Failed to get pwuid struct: user: unknown userid 4294967295 is the bz listed above
@ncdc
level=error msg="Error reading loginuid: open /proc/11976/loginuid: no such file or directory"
root 11976 1.7 0.1 833564 46292 ? Ssl 19:51 0:01 /usr/bin/openshift start node --config=/etc/origin/node/node-config.yaml --loglevel=2
@lvthillo does /proc/11976 exist?
@ncdc
yes but no loginuid:
$ ls
auxv cmdline coredump_filter cwd exe fdinfo io limits mem mounts net numa_maps oom_score personality root stat status task
cgroup comm cpuset environ fd gid_map ipaddr maps mountinfo mountstats ns oom_adj oom_score_adj projid_map setgroups statm syscall uid_map
@gabrielscheffer How did you perform your new install? (I performed a new git clone but same issue)
@lvthillo So, like described up
@lvthillo can you grep loginuid /etc/pam.d/*?
This is not an OpenShift issue. The kernel needs to be compiled with audit support enabled, and you may need to have pam_loginuid configured. Once you do have /proc/pid/loginuid files in place for the OpenShift processes, they will be MAXINT, and you'll end up with the Failed to get pwuid struct: user: unknown userid 4294967295 "error" until a newer version of Docker is available that doesn't have this log spam.

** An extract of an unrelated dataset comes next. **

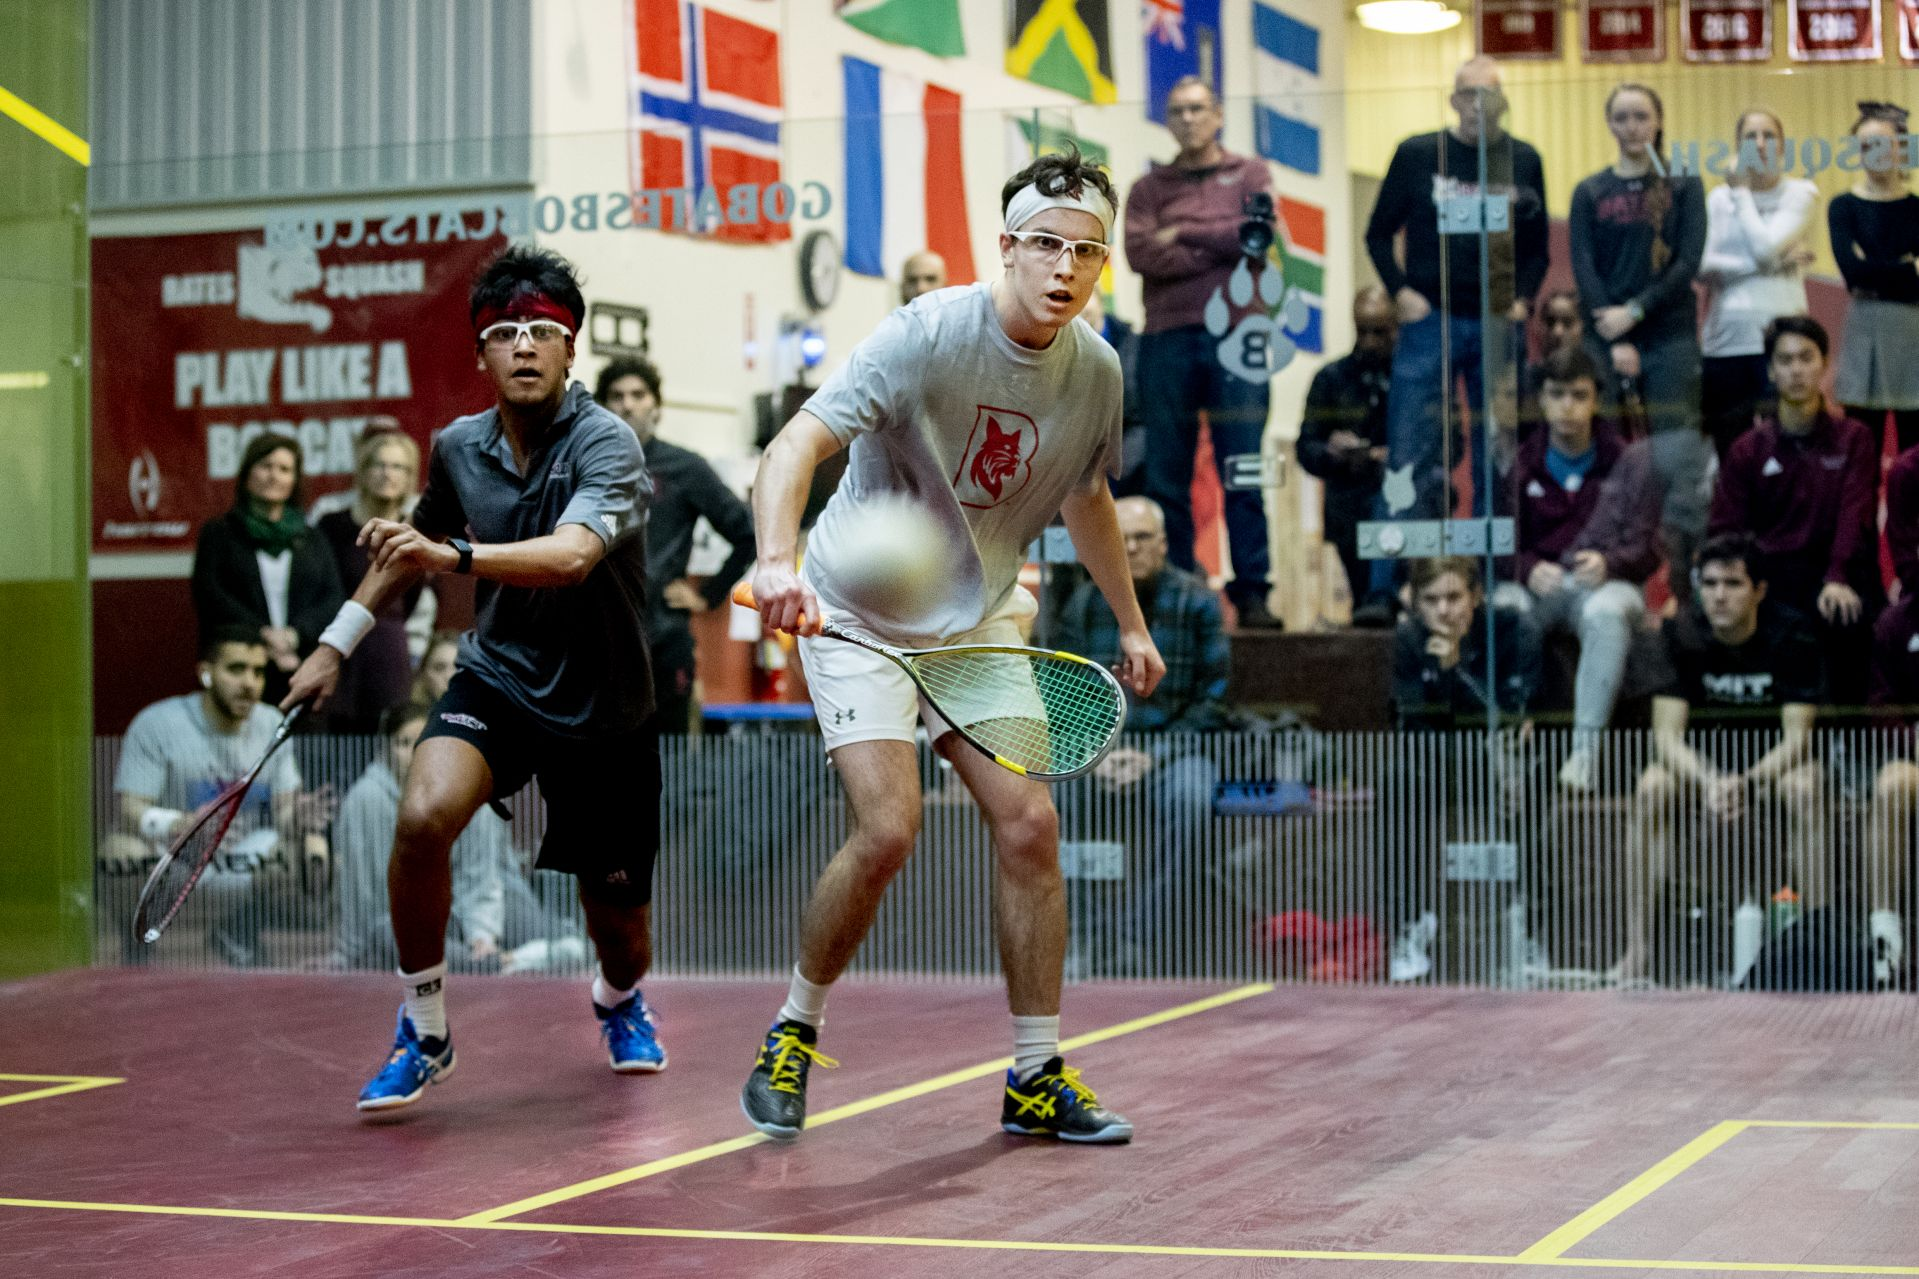 MIT men's squash defeats Bates men's squash 6-0 in home match.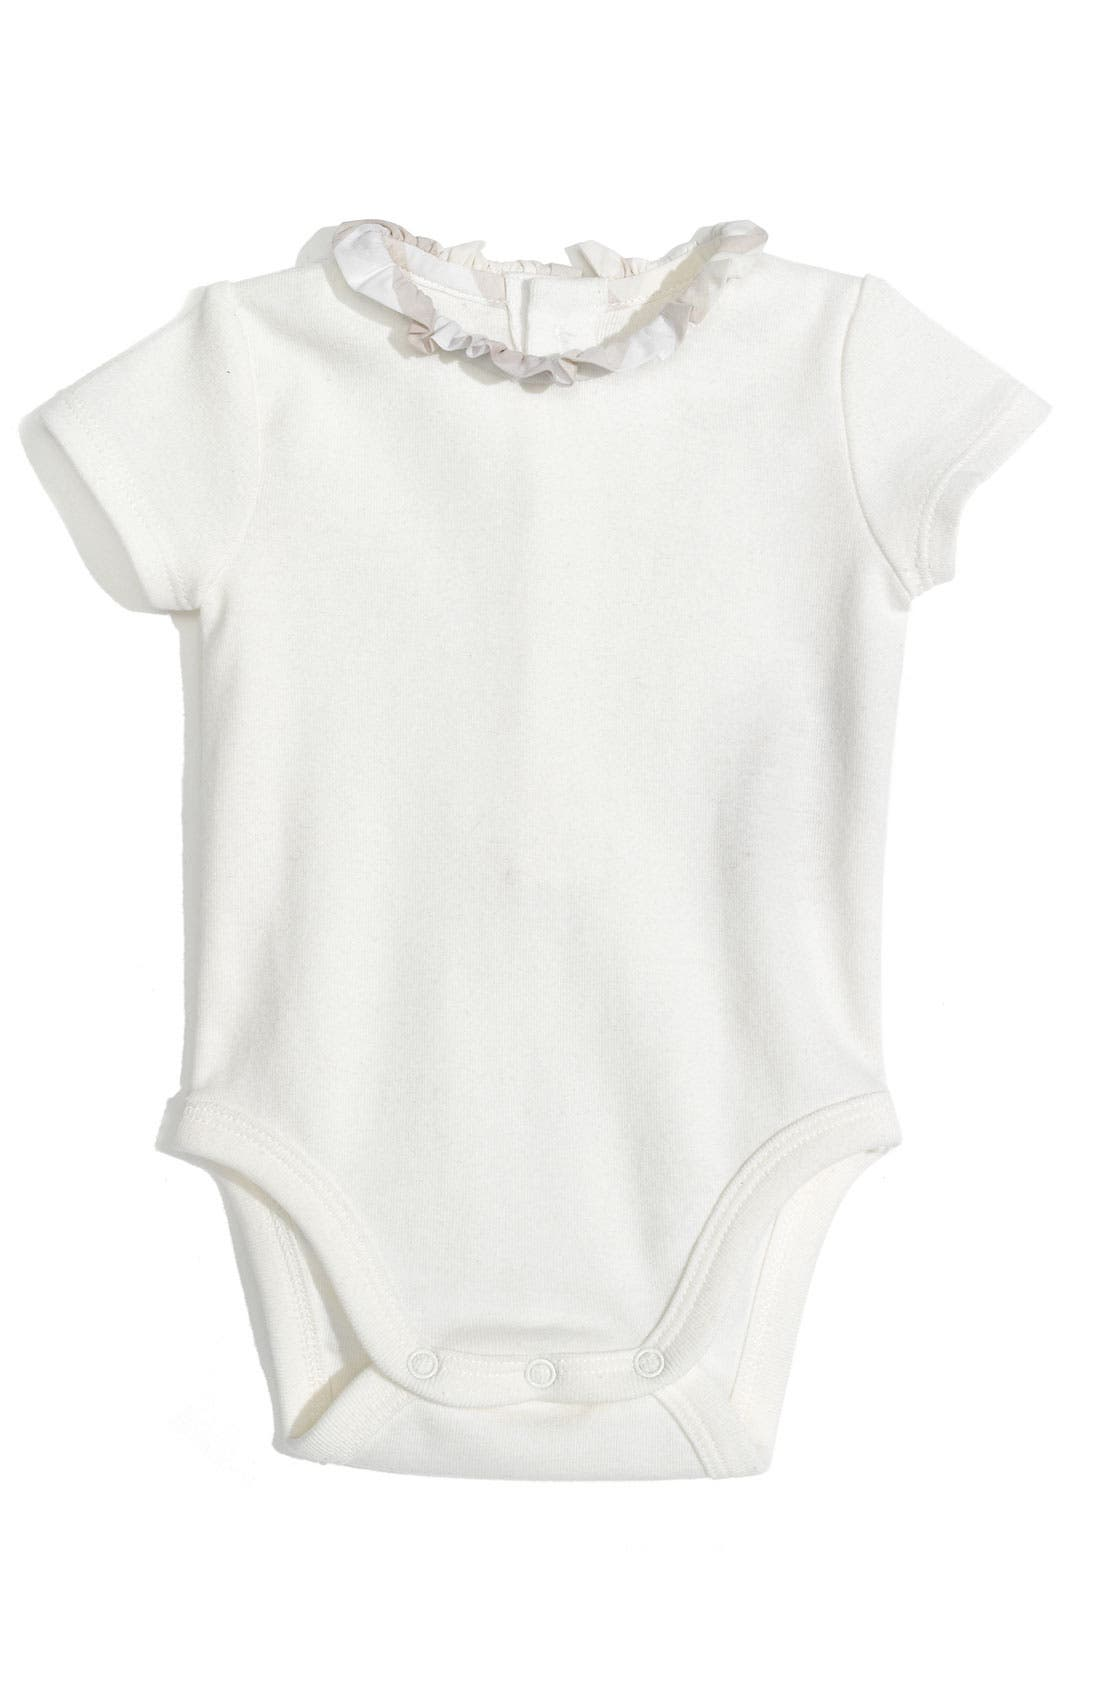 Main Image - Burberry 'Audrey' Ruffle Collar Bodysuit (Infant)

@ncdc this has nothing to do with pam.
This is NOT a CentOS kernel. This is NOT a RHEL kernel. The kernel was built without CONFIG_AUDIT and/or CONFIG_AUDIT_SYSCALL.
This is a bug in docker. It should support such kernels.
Please file a BZ against 'docker' at bugzilla.redhat.com. Tell them that they need to support kernel's without CONFIG_AUDIT.
it's not against upstream docker though, the issue should be filed under projectatomic/docker since it's our patch causing this
@lvthillo ^^
@runcom okay, was an older issue which I wanted to close .
Thank you all for the support =)
@runcom Any idea when this will be fixed?
Is it possible to start an OpenShift environment with the 'broken' docker. And after the fix remove docker and reinstall it (so will it remain 1.9.1) + are there also functional problems with the docker version or only the 'error-bug'. Sorry for this big amount of questions but we're a bit stuck in here.
@lvthillo Hello mate, based on this patch
I released my own docker-1.9.1-40.
For me it's fixed, you can dig up my changes at my repo https://packagecloud.io/gabrielscheffer/centos7
Steps to install fixed docker:
1. curl -s https://packagecloud.io/install/repositories/gabrielscheffer/centos7/script.rpm.sh | sudo bash
2. sudo yum install docker docker-common docker-forward-journald docker-logrotate docker-selinux
3. sudo systemctl restart docker
Cheers